> _WHAT YOU NEED TO DO_:
Since the copy must hold text only, transcribe the data below exactly and omit the images.

> _DATASET EXTRACT_:

-- -- --

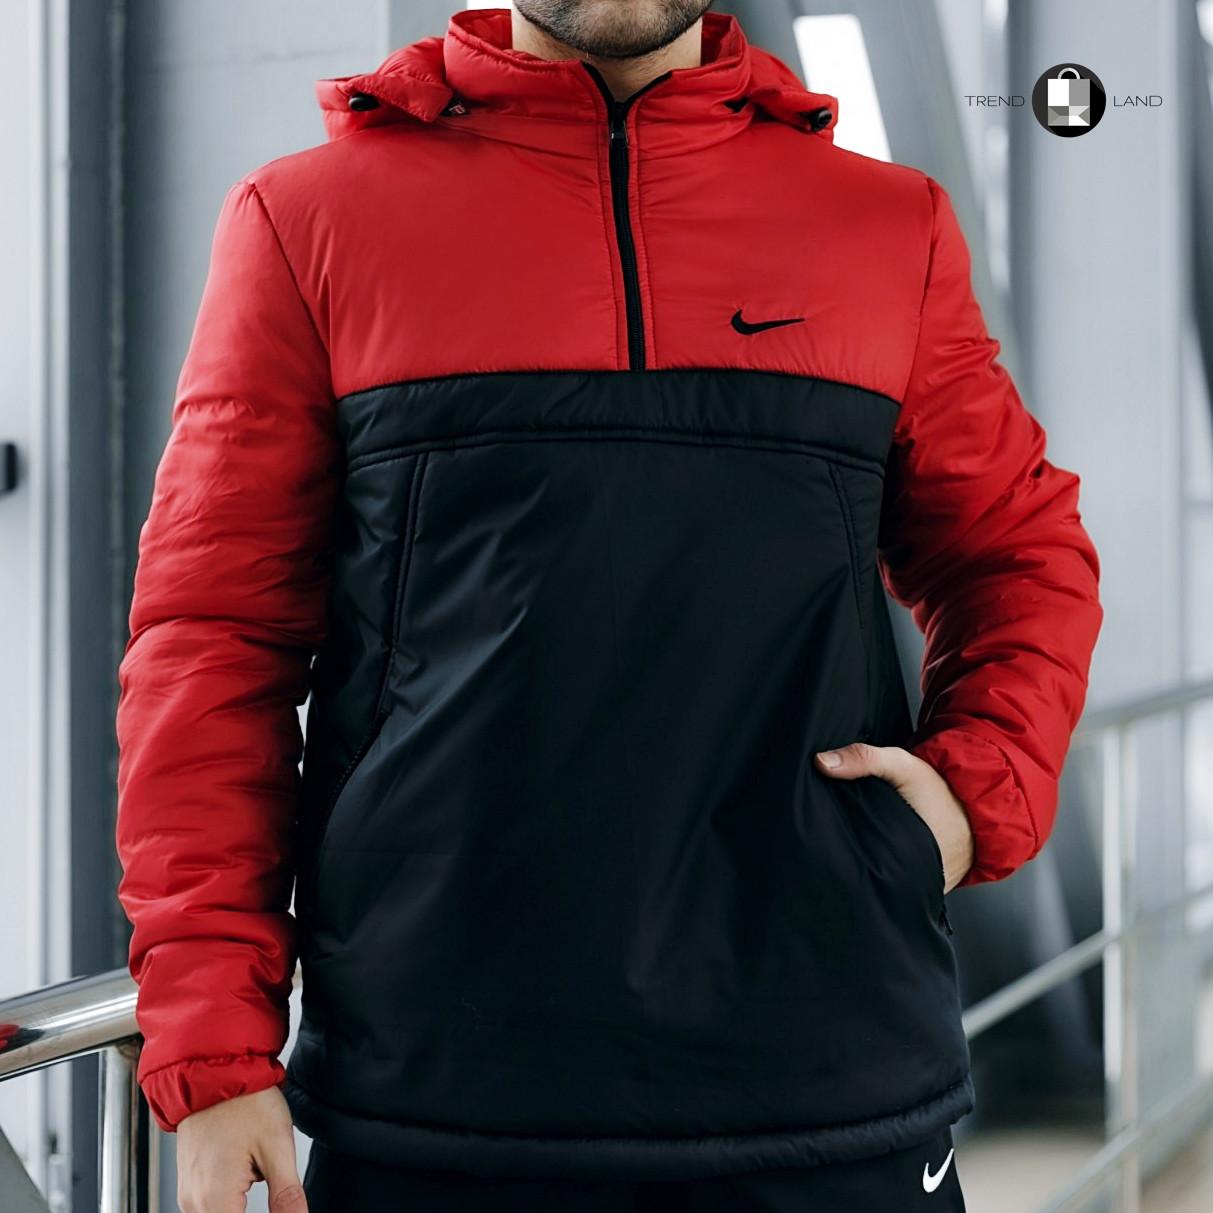 Размеры S-2XL   Мужская утепленная куртка анорак Nike Red\Black
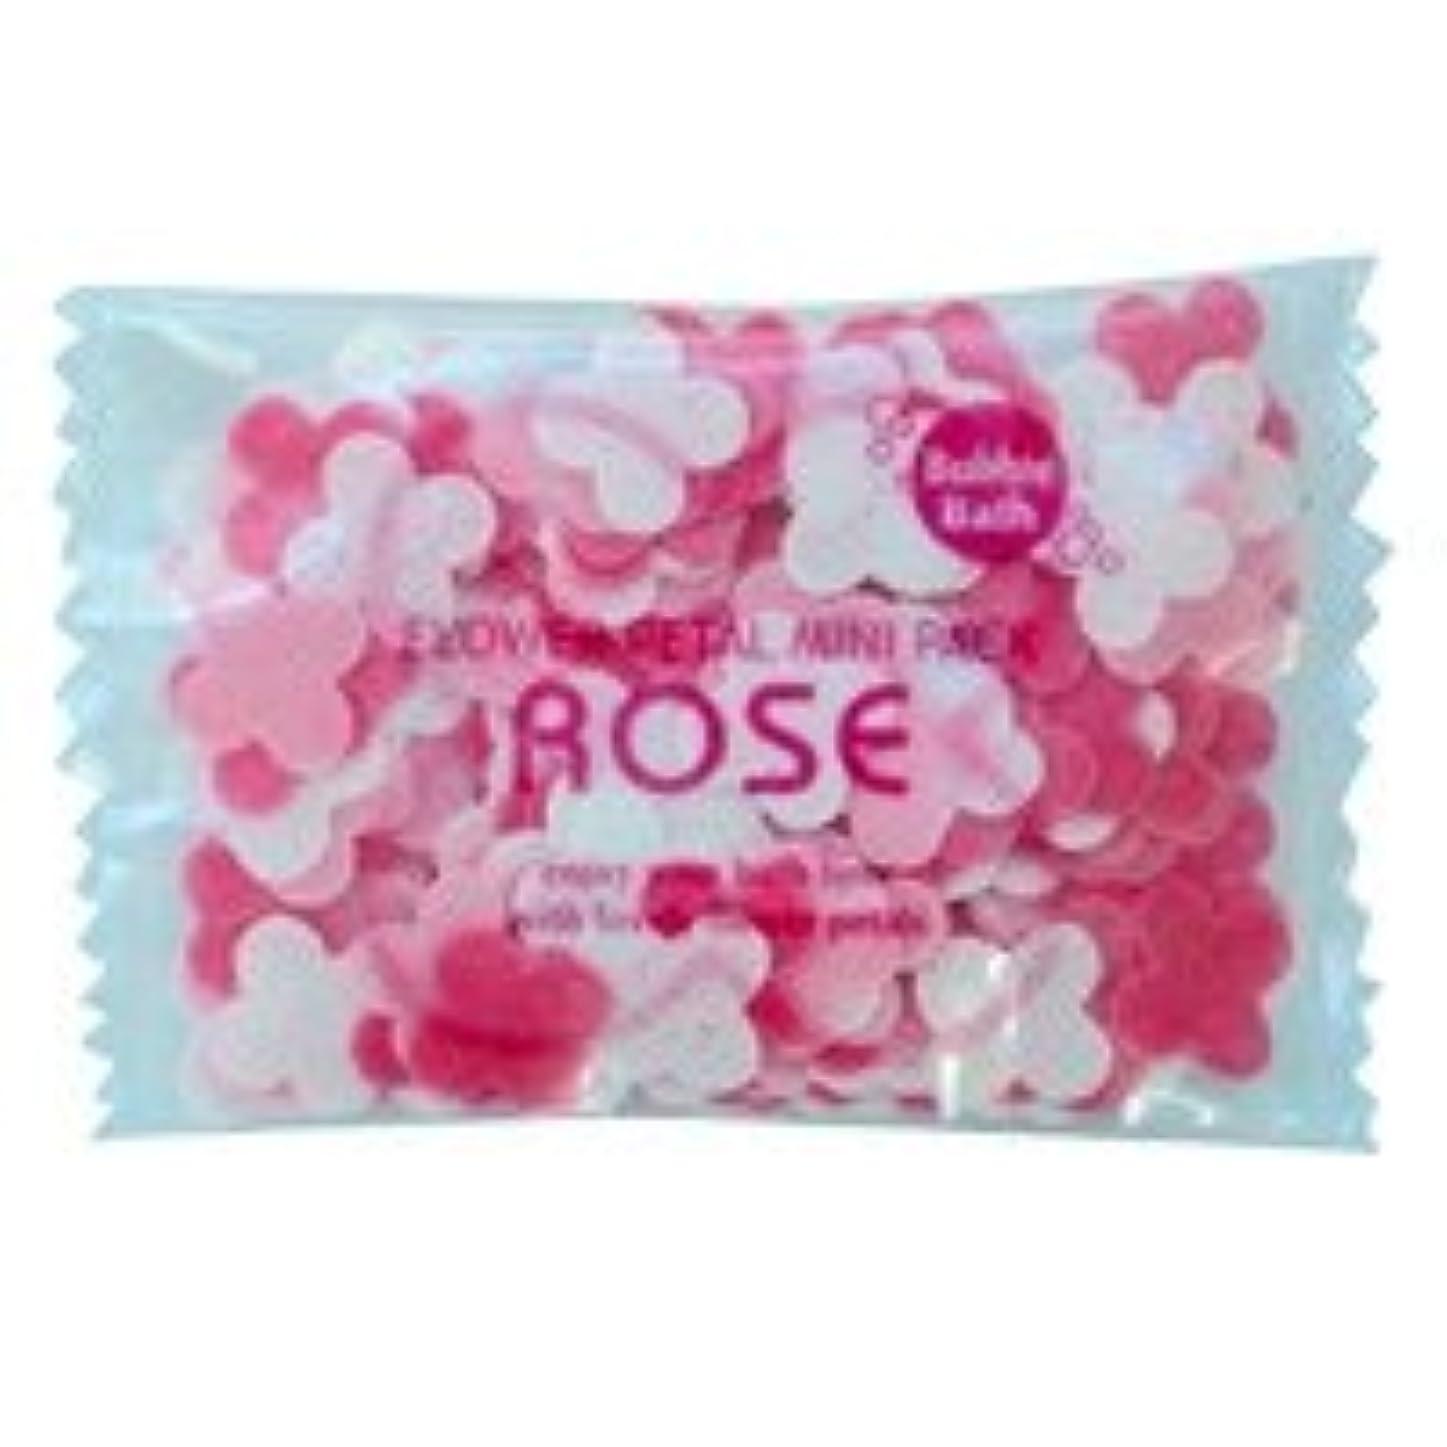 普通の有力者起こりやすいフラワーペタル バブルバス ミニパック「ローズ」20個セット ハッピーな気分になりたい日に幸福感で包んでくれる華やかなローズの香り
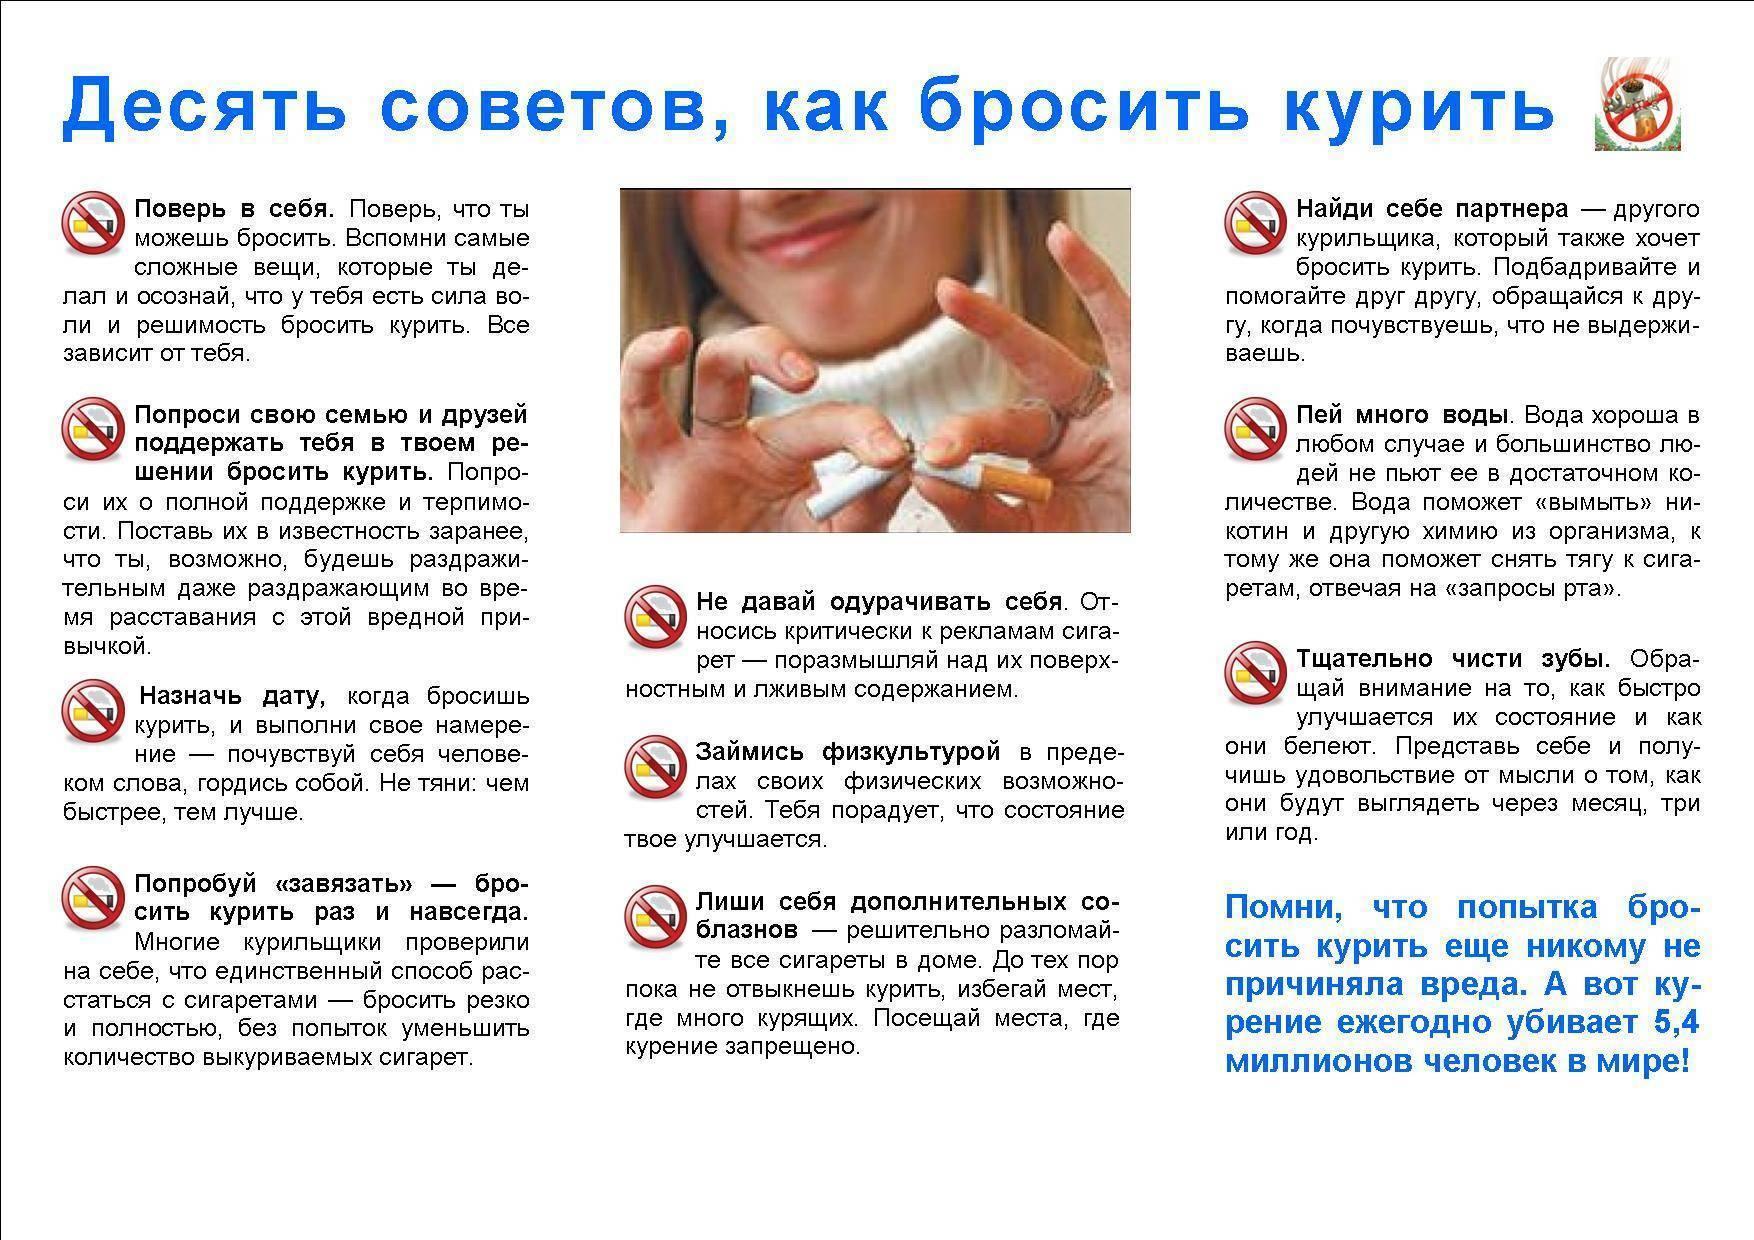 Вредные привычки и их влияние на здоровье человека

-- -- --

> _EXERCISE RESPONSE_:
 Размеры S-2XL   Мужская утепленная куртка анорак Nike Red\Black
 普通の有力者起こりやすいフラワーペタル バブルバス ミニパック「ローズ」20個セット ハッピーな気分になりたい日に幸福感で包んでくれる華やかなローズの香り
 Вредные привычки и их влияние на здоровье человека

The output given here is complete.